• RECORDED DATA:
= = = = = = =

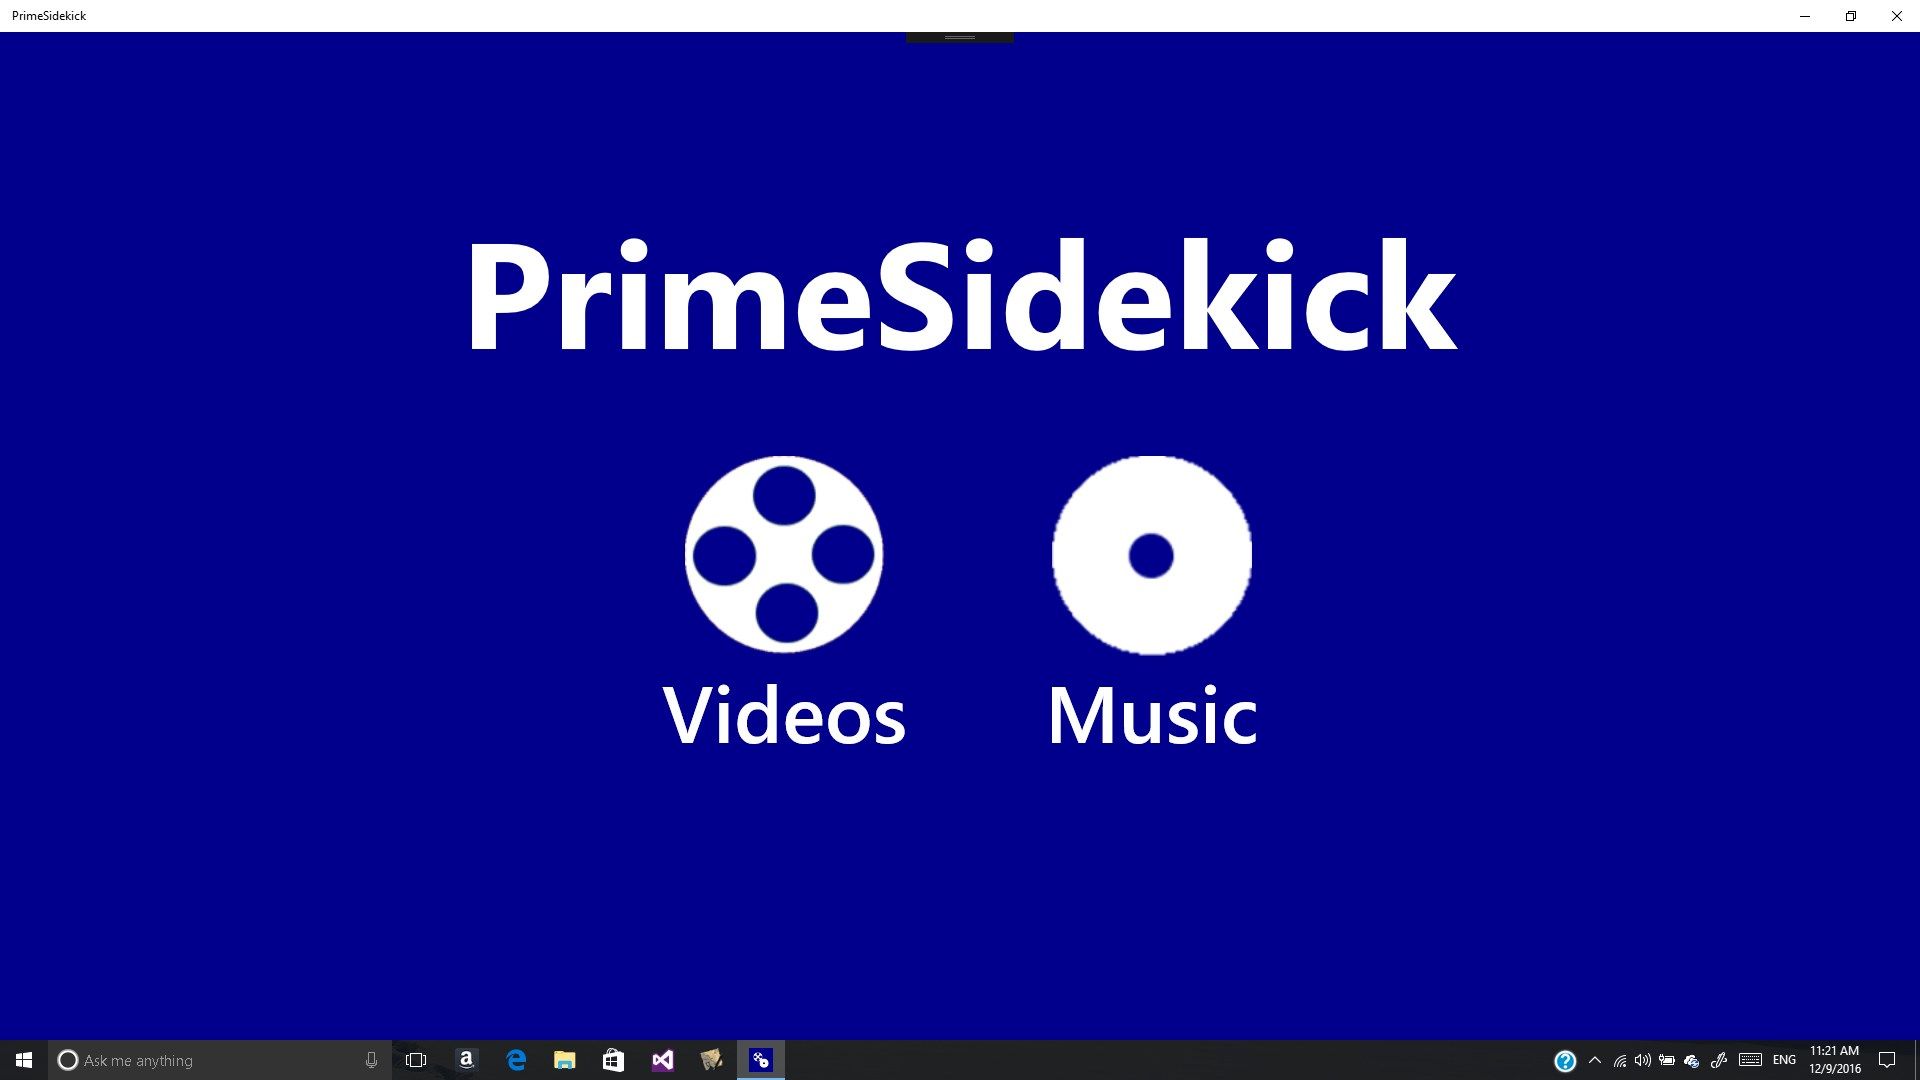 Main Screen allowing the user to switch between Amazon Prime Video and Amazon Prime Music titles.
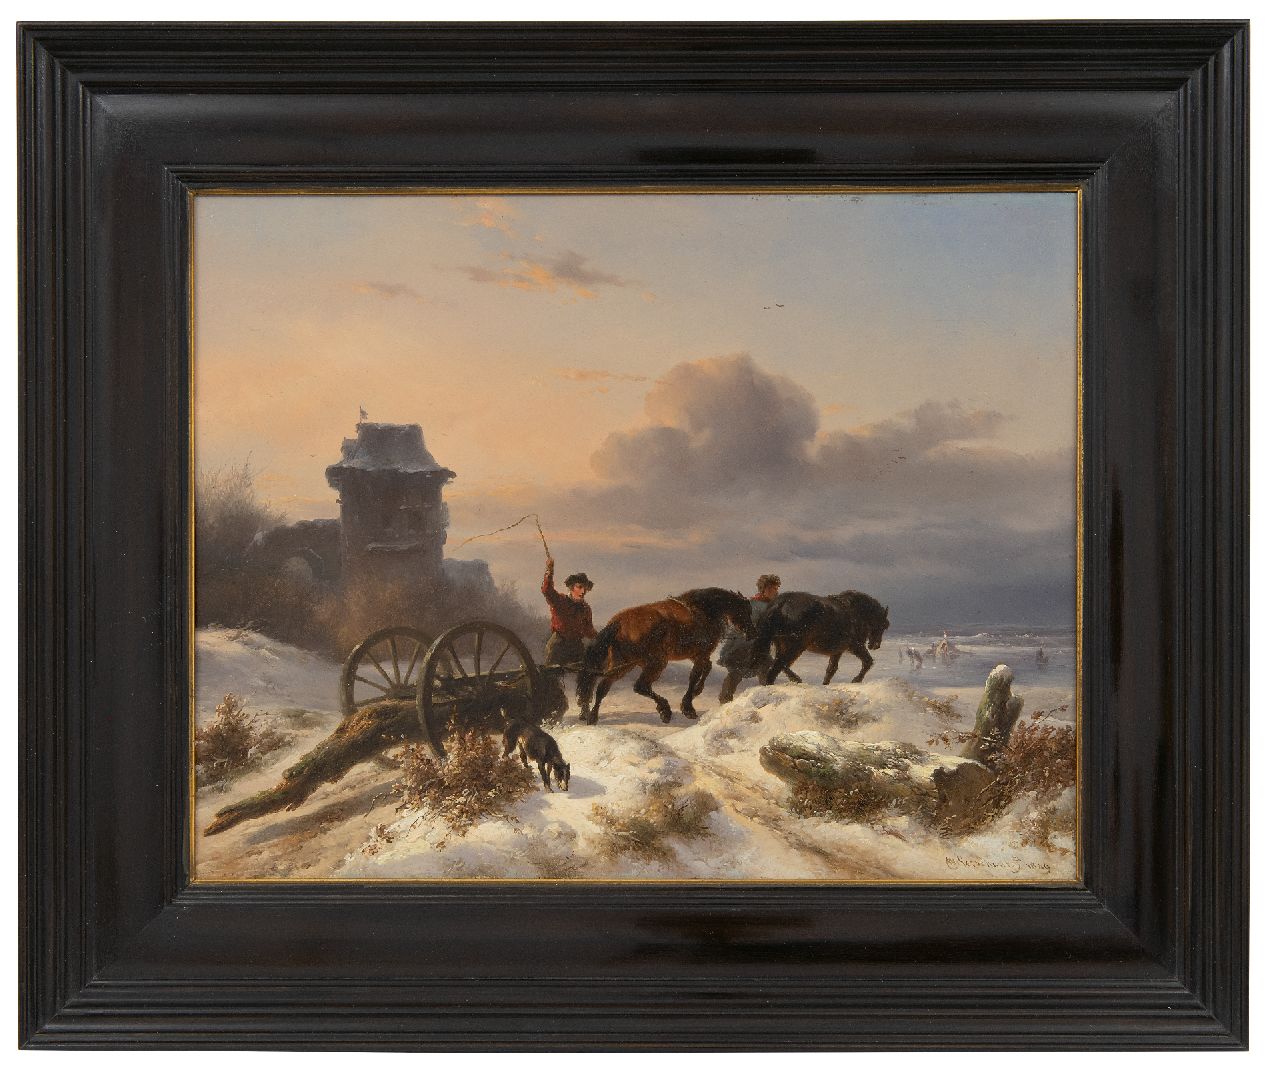 Verschuur W.  | Wouterus Verschuur | Paintings offered for sale | Carters with mallejan in a winter landscape, oil on panel 27.2 x 35.0 cm, signed l.r. and dated 1849
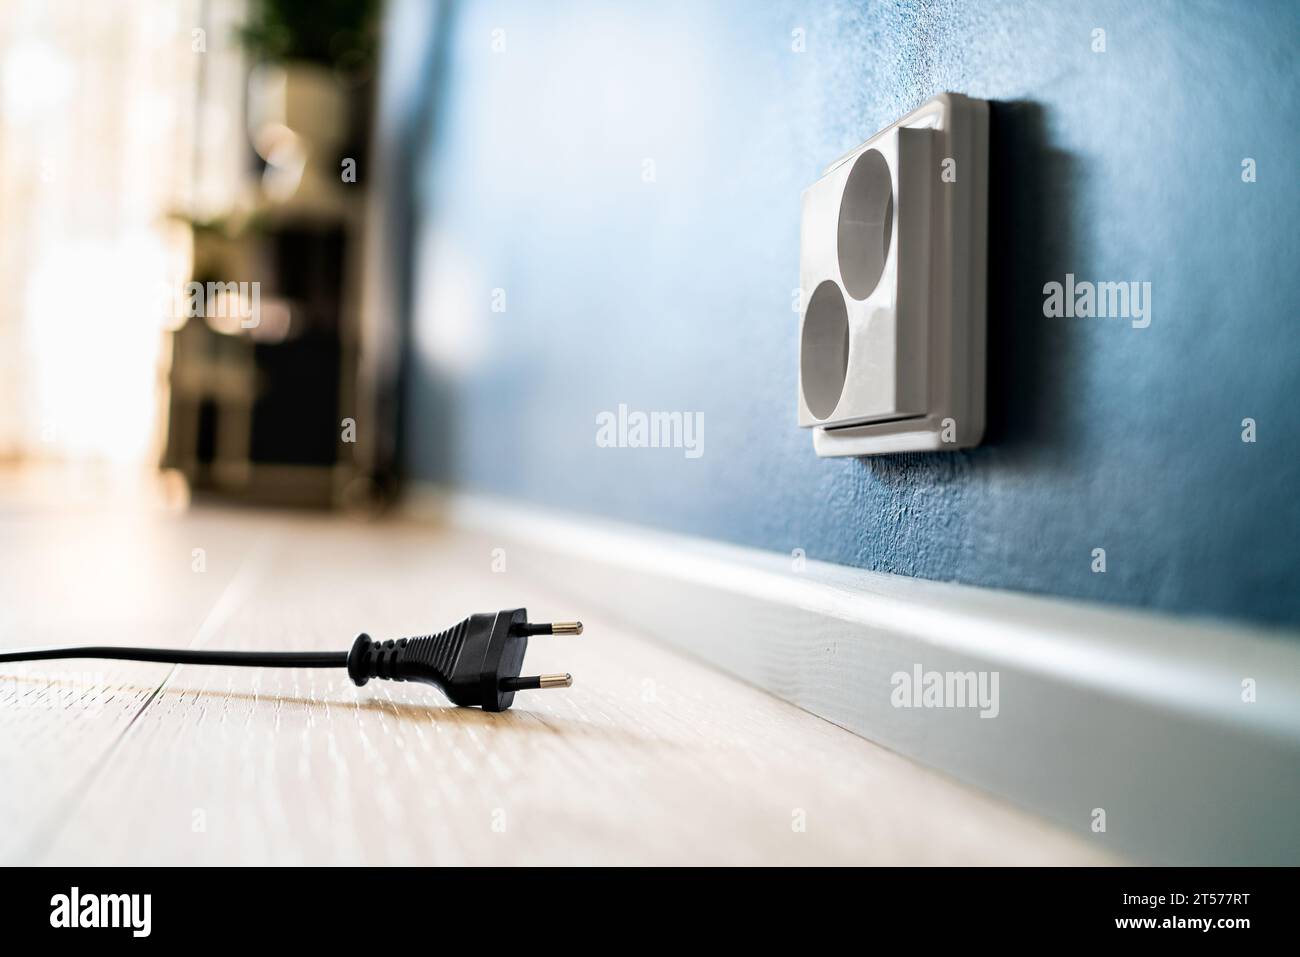 Socket and power outlet. Electric plug. Cable unplugged from wall. Wire and cord. Electricity off. Energy consumption, crisis or saving. Stock Photo

= = = = = = =

Everything from the line containing "and dated 1849" through the final line of the material must be set down exactly, except the pictures.

• RESPONSE TO THE TASK:
 Verschuur W.  | Wouterus Verschuur | Paintings offered for sale | Carters with mallejan in a winter landscape, oil on panel 27.2 x 35.0 cm, signed l.r. and dated 1849
 Socket and power outlet. Electric plug. Cable unplugged from wall. Wire and cord. Electricity off. Energy consumption, crisis or saving. Stock Photo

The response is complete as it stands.